The AI Tribunal exists to fill that gap. It evaluates every bill against a single, unified model of how Canada’s systems actually connect — 407 variables, 3,354 causal edges, 46 constitutional doctrines — and asks a simple question: does this bill fix the system, mask the symptoms, or make things worse?

The Three Seats

The Tribunal uses three AI systems in blind rotation. Each session assigns different roles to different models, preventing any single AI’s biases from dominating.

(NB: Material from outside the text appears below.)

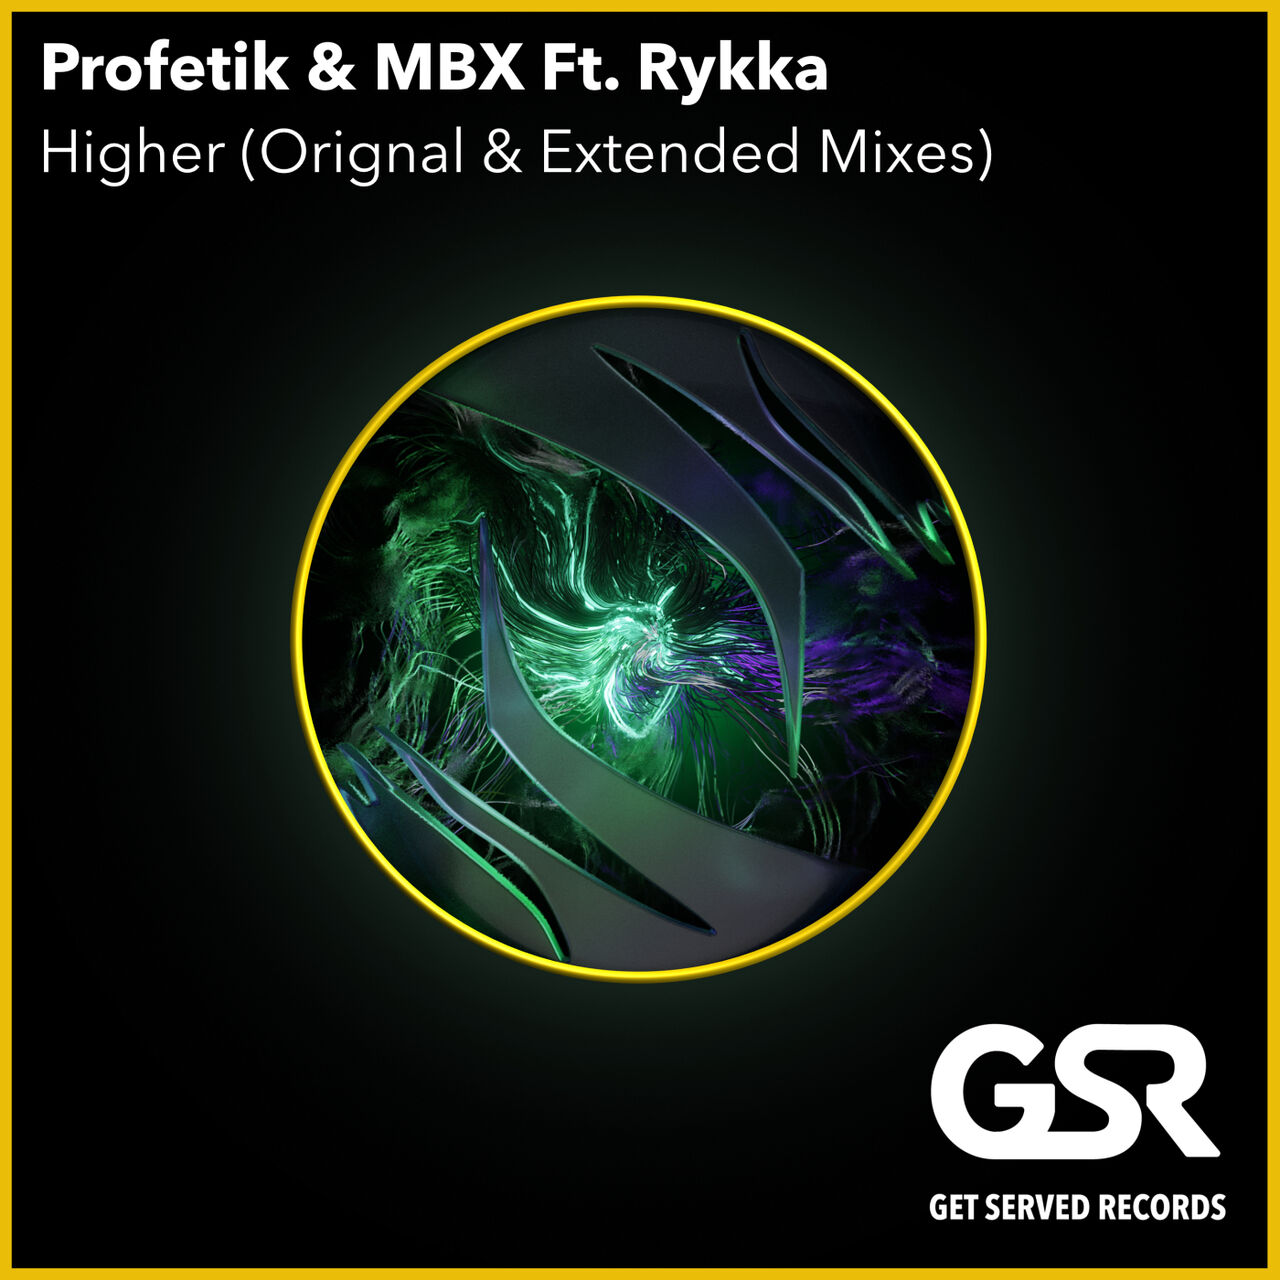 Profetik & MBX ft. featuring Rykka Higher cover artwork

Seat	Model	Provider	Characteristics
Seat 1	Claude Sonnet 4	Anthropic (API)	Strong structured reasoning. Produces well-formatted JSON output. Tends toward balanced assessment — finds merit even in weak proposals. Best as adjudicator for clean score extraction.
Seat 2	Gemini 2.5 Pro	Google (API)	Rich analytical depth. Produces comprehensive challenger rebuttals. Identifies causal pathways that other models miss. Best as challenger for adversarial rigour.
Seat 3	qwen3:8b	Local (Ollama on AMD RX 7800 XT)	Open-source, 8 billion parameters, runs locally on consumer GPU. Stays closer to graph structure than larger models. Caught the sovereignty heterogeneity gap that Claude and Gemini missed across two sessions. Best at graph-grounded reasoning on specific variable clusters.

Why Three Models?

A single AI system evaluating policy would carry its training biases into every assessment. Two systems can deadlock. Three systems with blind rotation ensure that:

No model knows which other models are in the session
Each model serves as analyst, challenger, and adjudicator across different sessions
Scoring disagreements are resolved by evidence, not authority
A small local model can catch gaps that expensive API models miss (and did)

Blind Rotation

Three rotation patterns cycle across sessions:

Rotation	Analyst	Challenger	Adjudicator
0	Claude	Gemini	qwen3:8b
1	Gemini	qwen3:8b	Claude
2	qwen3:8b	Claude	Gemini

The adjudicator receives “Assessment A” and “Assessment B” without knowing which model produced which. The synthesizer (always the same model as the analyst) produces the publishable article.

The Four Phases

Phase 1: Analysis

The analyst receives:

The bill’s actual legislative text (clauses, amendments, enacting provisions)
Graph topology from the RIPPLE causal graph (variable connectivity, edge weights)
Relevant variable effects (downstream impacts of the variables the bill targets)
Community context from Pond forum discussions
Consensus vote data from HCS-verified community polls
Constitutional authority mappings from the ABE framework

The analyst must score the bill against all Seven Laws of Systemic Rot, identify strengths and weaknesses, and — critically — prescribe specific amendments and companion legislation that would improve the bill’s scores. The Tribunal does not just critique. It builds.

Phase 2: Challenge

The challenger receives everything the analyst received, plus the analyst’s full output. The challenger’s mandate:

Find flaws, blind spots, and overlooked causal pathways
Challenge overly generous scores with graph evidence
Flag assumptions that don’t hold under stress conditions
Check whether community sentiment contradicts the analyst
Propose better alternatives to the analyst’s solutions

The challenger is adversarial by design. If the analyst says the bill works, the challenger must find evidence that it doesn’t. This is not balance for its own sake — it is structural pressure to ensure that only robust conclusions survive.

Phase 3: Adjudication

The adjudicator receives both assessments (labelled A and B, origin unknown) and resolves disagreements based on evidence weight:

Where A and B agree: high confidence (record the agreement)
Where they disagree: determine which has stronger graph evidence
Issue final scores that reflect the weight of evidence, not the average of opinions
Synthesize the best solutions from both assessments into a unified reform prescription

The adjudicator’s scores are authoritative. The composite score and verdict are computed from the adjudicator’s output.

Phase 4: Synthesis

The synthesizer produces a publishable article covering: the bill’s legislative context, the adversarial analysis (both perspectives), the final verdict with scores, what the bill gets right and wrong, and — most importantly — the Tribunal’s prescribed reform package with specific amendments, companion legislation, sequencing, cost estimates, and failure revenue displacement.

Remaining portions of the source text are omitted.